Perform statistical analysis, outlier detection, and data cleaning.

In [None]:
# Basic data information
print("="*70)
print("DATA OVERVIEW")
print("="*70)
print(f"Shape: {features_df.shape}")
print(f"Total tracks: {len(features_df)}")
print(f"Total features: {len(features_df.columns) - 1}")
print(f"\nFirst few columns: {list(features_df.columns[:10])}")
print(f"\nData types:\n{features_df.dtypes.value_counts()}")

# Check for missing values
missing = features_df.isnull().sum()
if missing.sum() > 0:
    print(f"\n⚠ Missing values detected:")
    print(missing[missing > 0])
else:
    print("\n✓ No missing values")

# Display sample
features_df.head()

In [None]:
# Descriptive statistics
print("="*70)
print("DESCRIPTIVE STATISTICS")
print("="*70)

# Exclude track_id column
numeric_cols = [col for col in features_df.columns if col != 'track_id']
stats_df = features_df[numeric_cols].describe()

print(stats_df)

# Show a subset of features for better visualization
fig, axes = plt.subplots(2, 3, figsize=(15, 8))
fig.suptitle('Distribution of Selected Features', fontsize=16)

sample_features = numeric_cols[:6]
for idx, feature in enumerate(sample_features):
    ax = axes[idx // 3, idx % 3]
    ax.hist(features_df[feature], bins=30, edgecolor='black', alpha=0.7)
    ax.set_title(feature)
    ax.set_xlabel('Value')
    ax.set_ylabel('Frequency')
    
plt.tight_layout()
plt.show()

In [None]:
# Outlier detection using IQR method
def detect_outliers_iqr(df, columns, threshold=1.5):
    """Detect outliers using IQR method."""
    outlier_indices = set()
    
    for col in columns:
        Q1 = df[col].quantile(0.25)
        Q3 = df[col].quantile(0.75)
        IQR = Q3 - Q1
        
        lower_bound = Q1 - threshold * IQR
        upper_bound = Q3 + threshold * IQR
        
        outliers = df[(df[col] < lower_bound) | (df[col] > upper_bound)].index
        outlier_indices.update(outliers)
    
    return list(outlier_indices)

print("="*70)
print("OUTLIER DETECTION")
print("="*70)

numeric_cols = [col for col in features_df.columns if col != 'track_id']
outlier_indices = detect_outliers_iqr(features_df, numeric_cols)
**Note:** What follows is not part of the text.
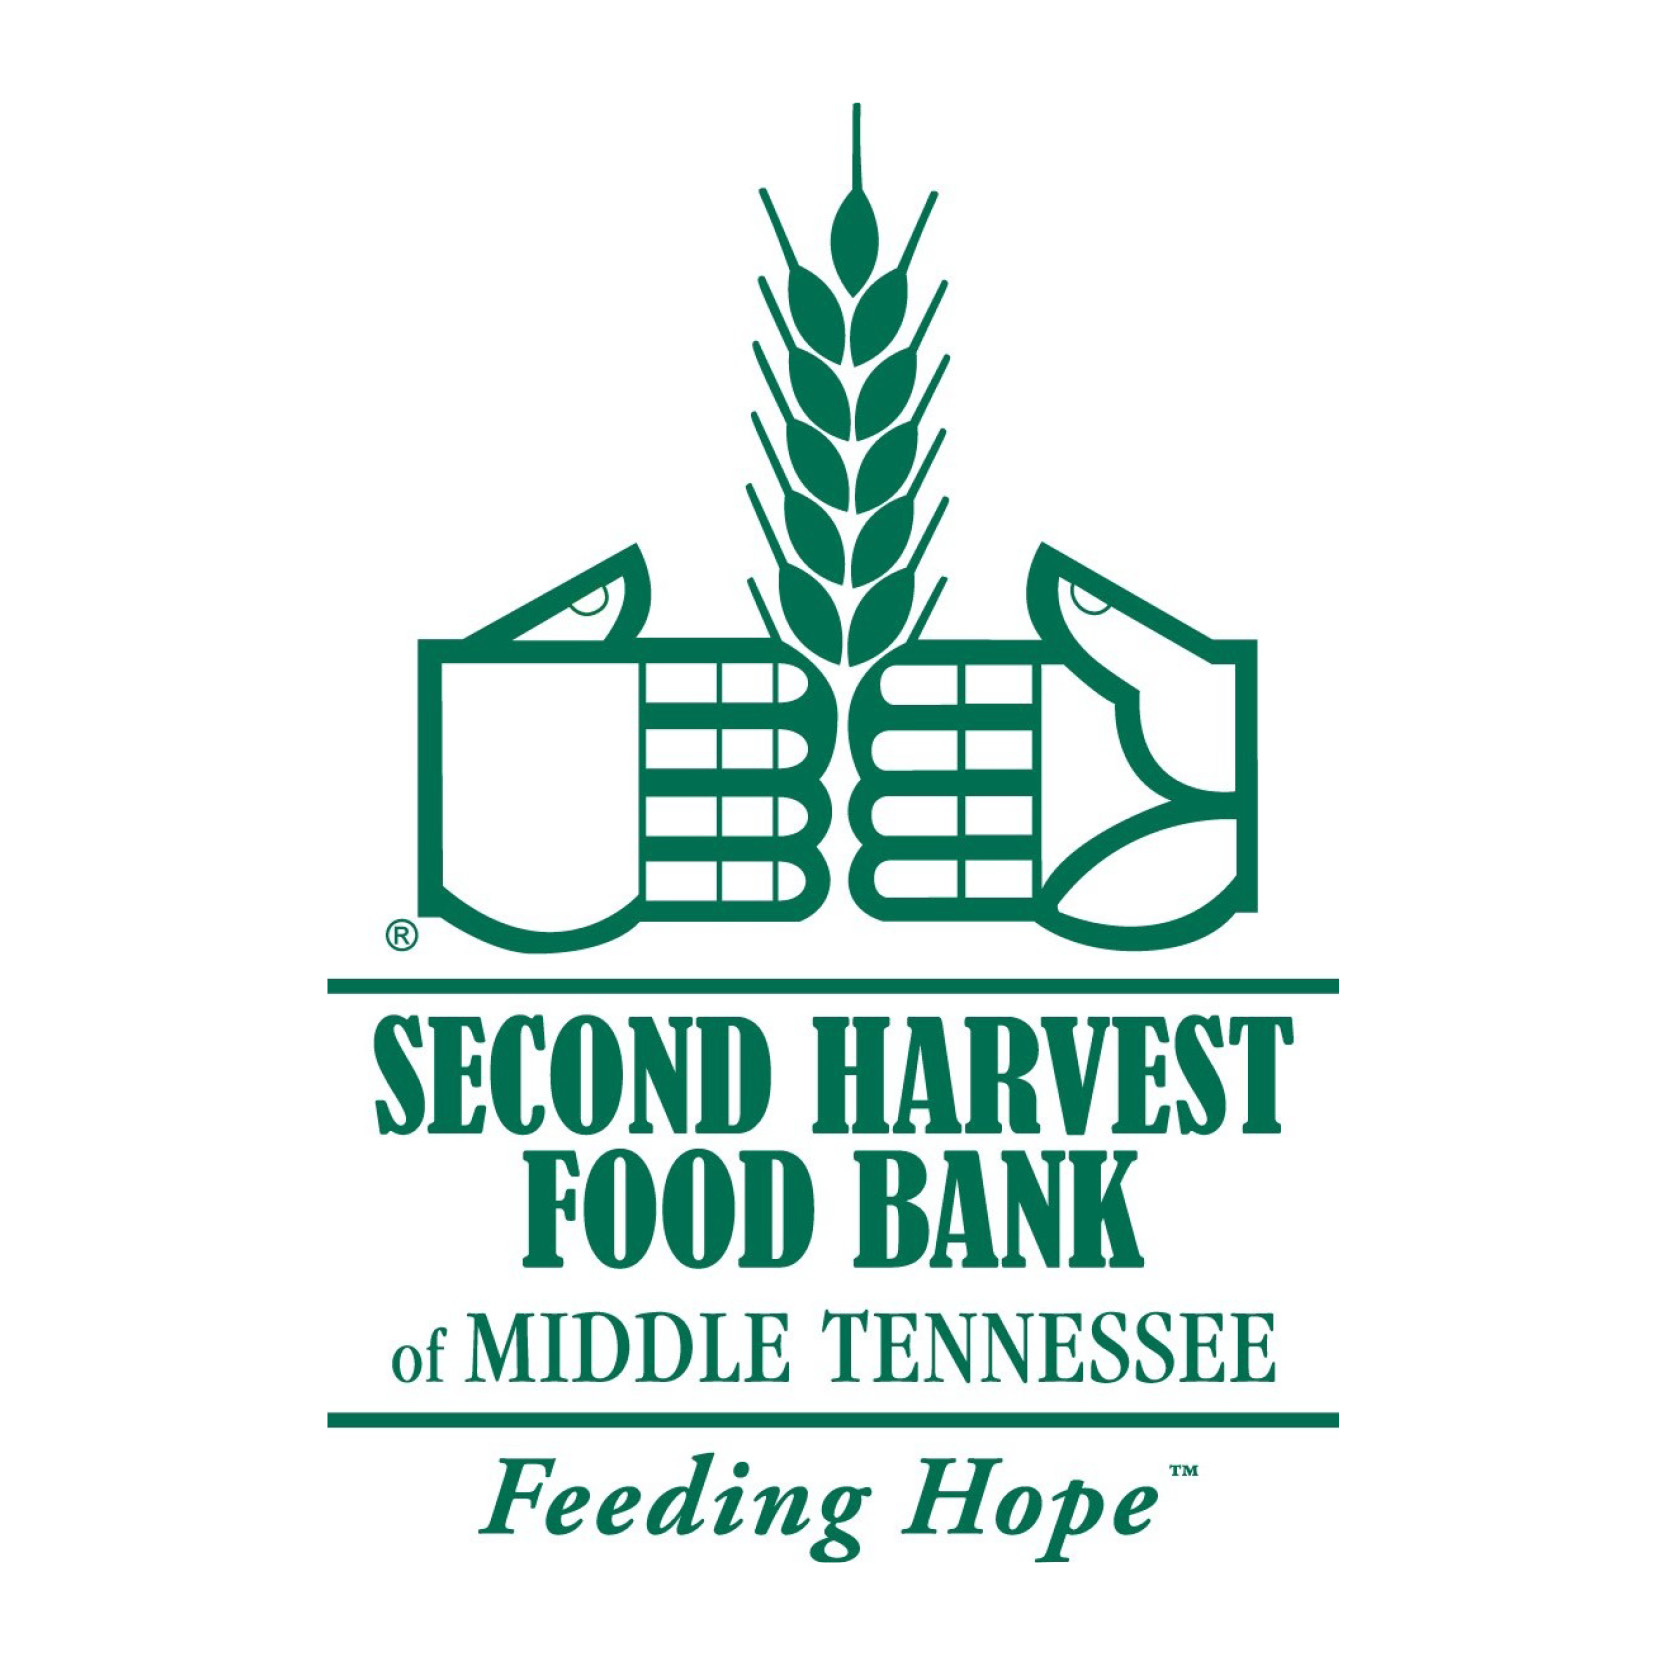 second harvest food bank of northeast tennessee
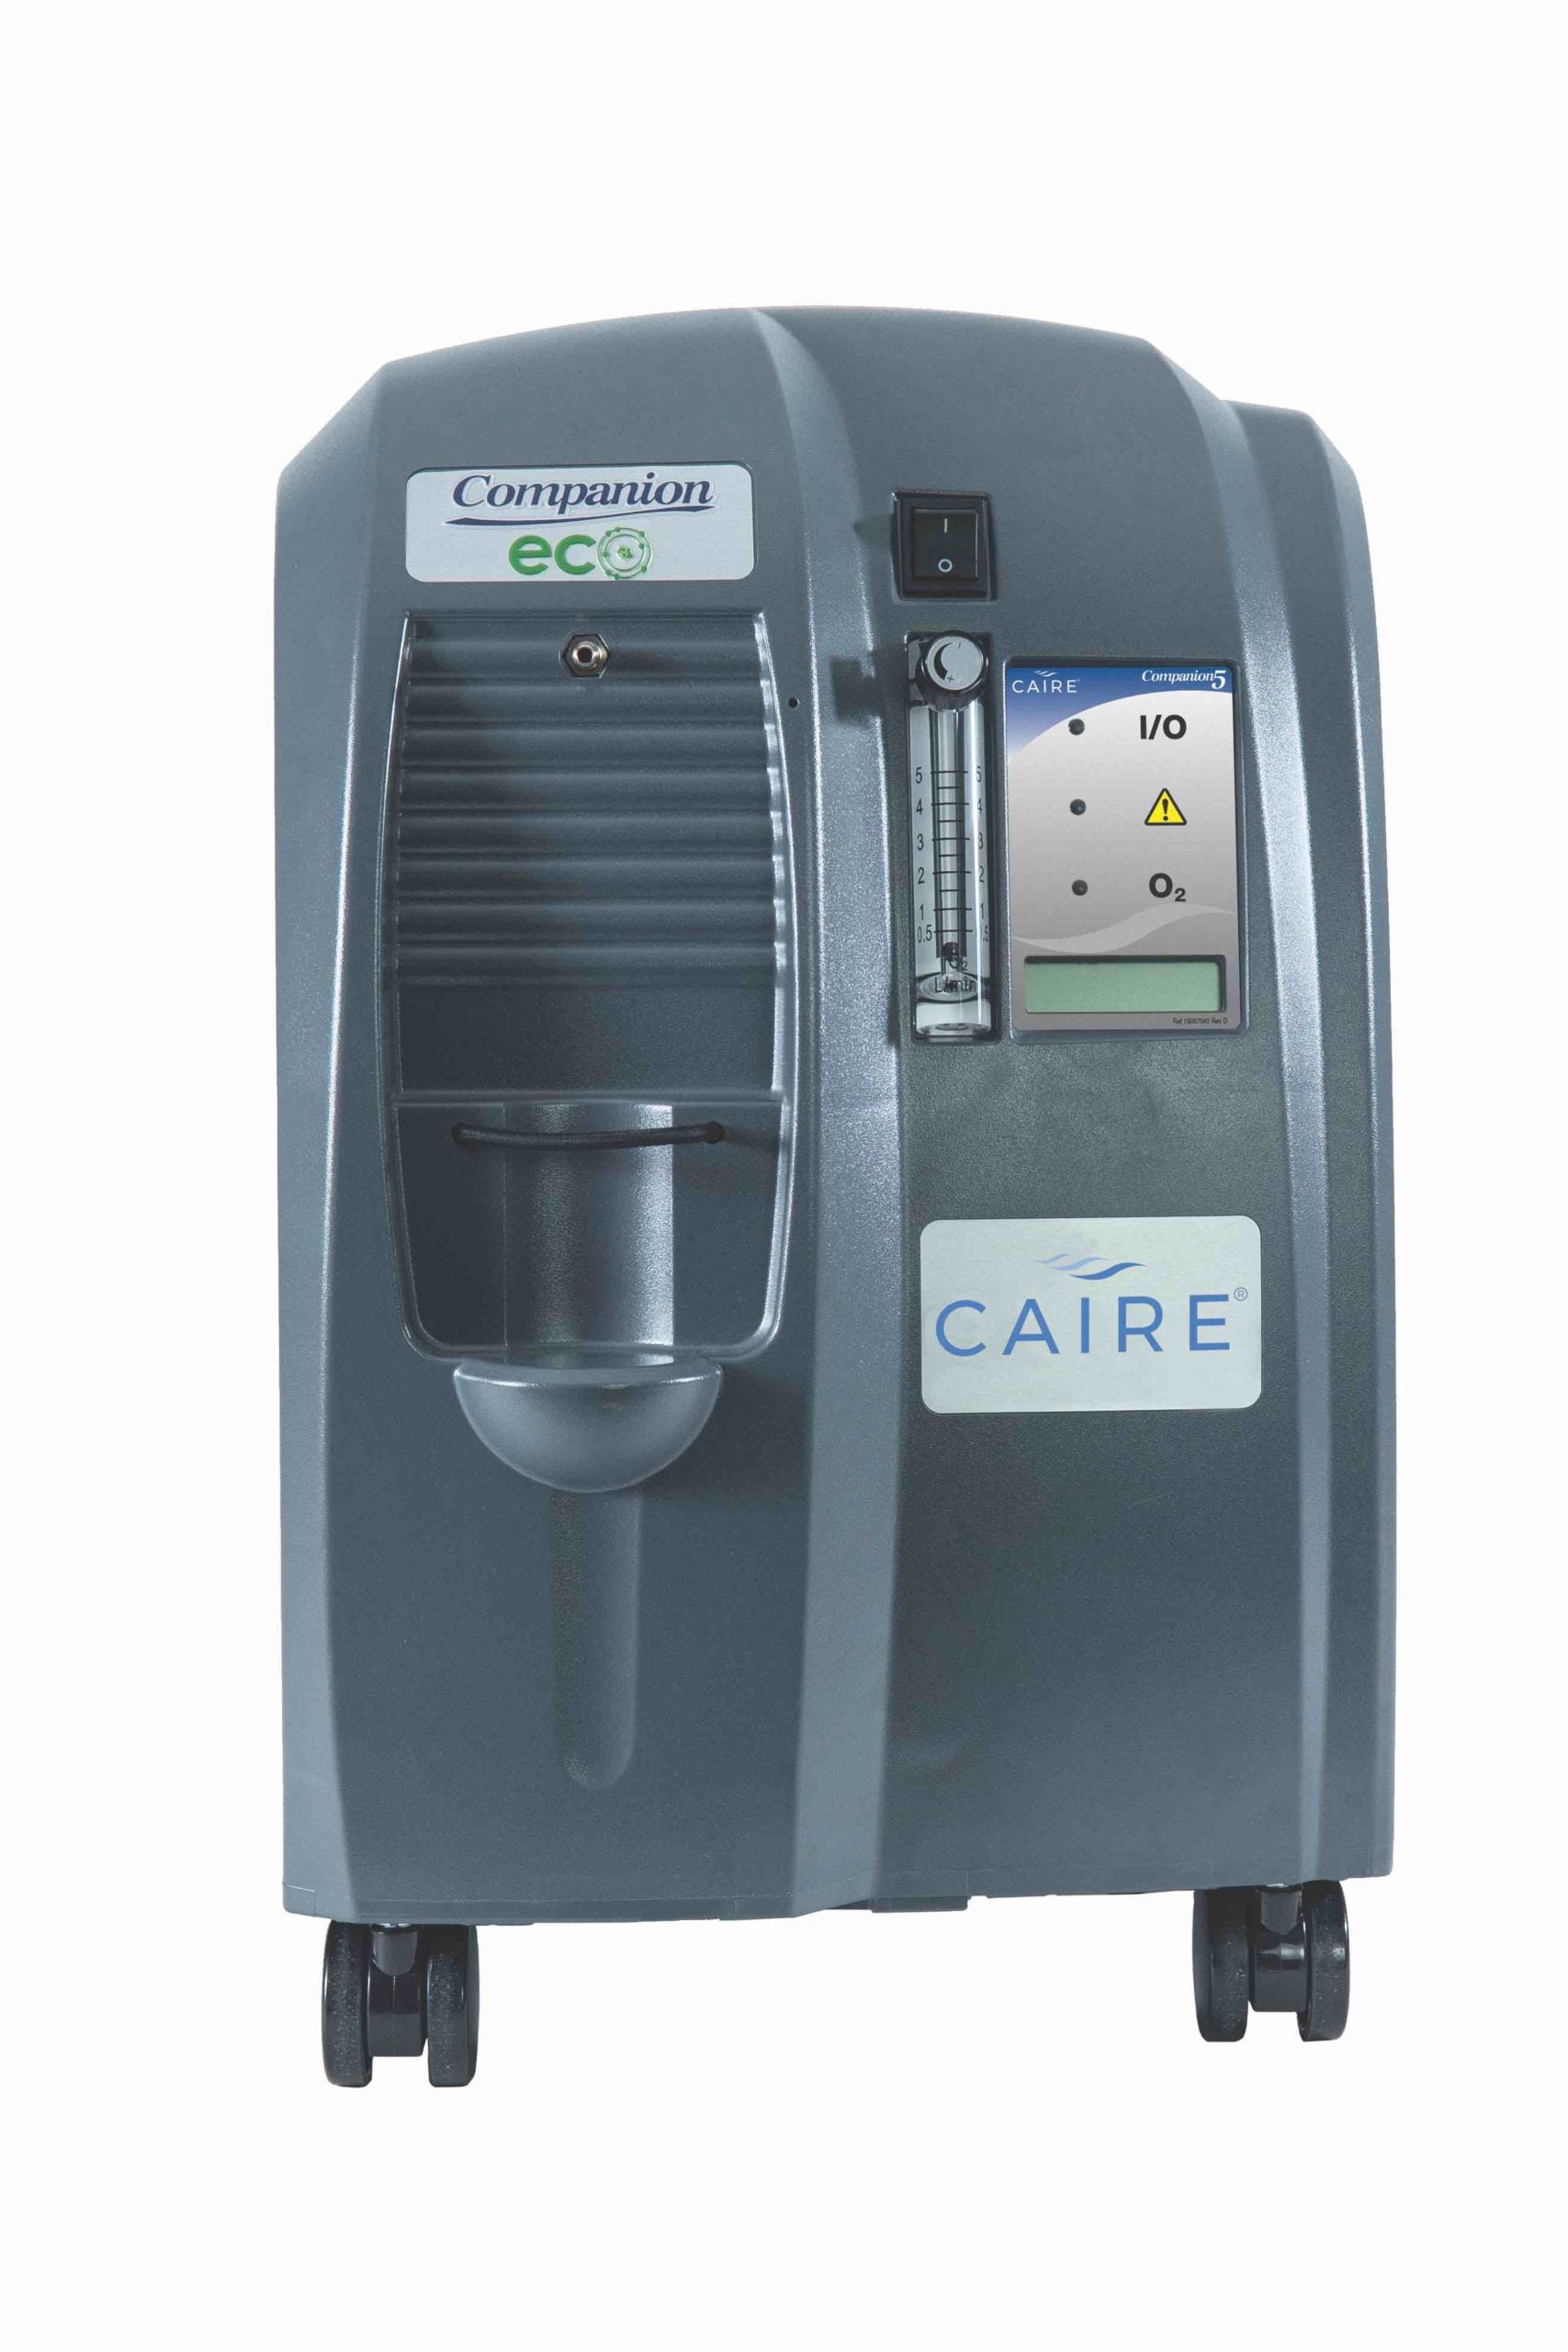 Companion stationary oxygen concentrator by Caire

print(f"Total outliers detected: {len(outlier_indices)}")
print(f"Percentage of outliers: {len(outlier_indices)/len(features_df)*100:.2f}%")

# Option 1: Remove outliers
# features_cleaned = features_df.drop(outlier_indices).reset_index(drop=True)

# Option 2: Keep all data (recommended for music features)
features_cleaned = features_df.copy()

print(f"\nCleaned data shape: {features_cleaned.shape}")

## 5. Data Preprocessing

Standardize features and apply PCA for dimensionality reduction.

In [None]:
print("="*70)
print("DATA PREPROCESSING")
print("="*70)

# Separate track IDs and features
track_ids = features_cleaned['track_id'].values
X = features_cleaned.drop('track_id', axis=1).values

print(f"Original feature matrix shape: {X.shape}")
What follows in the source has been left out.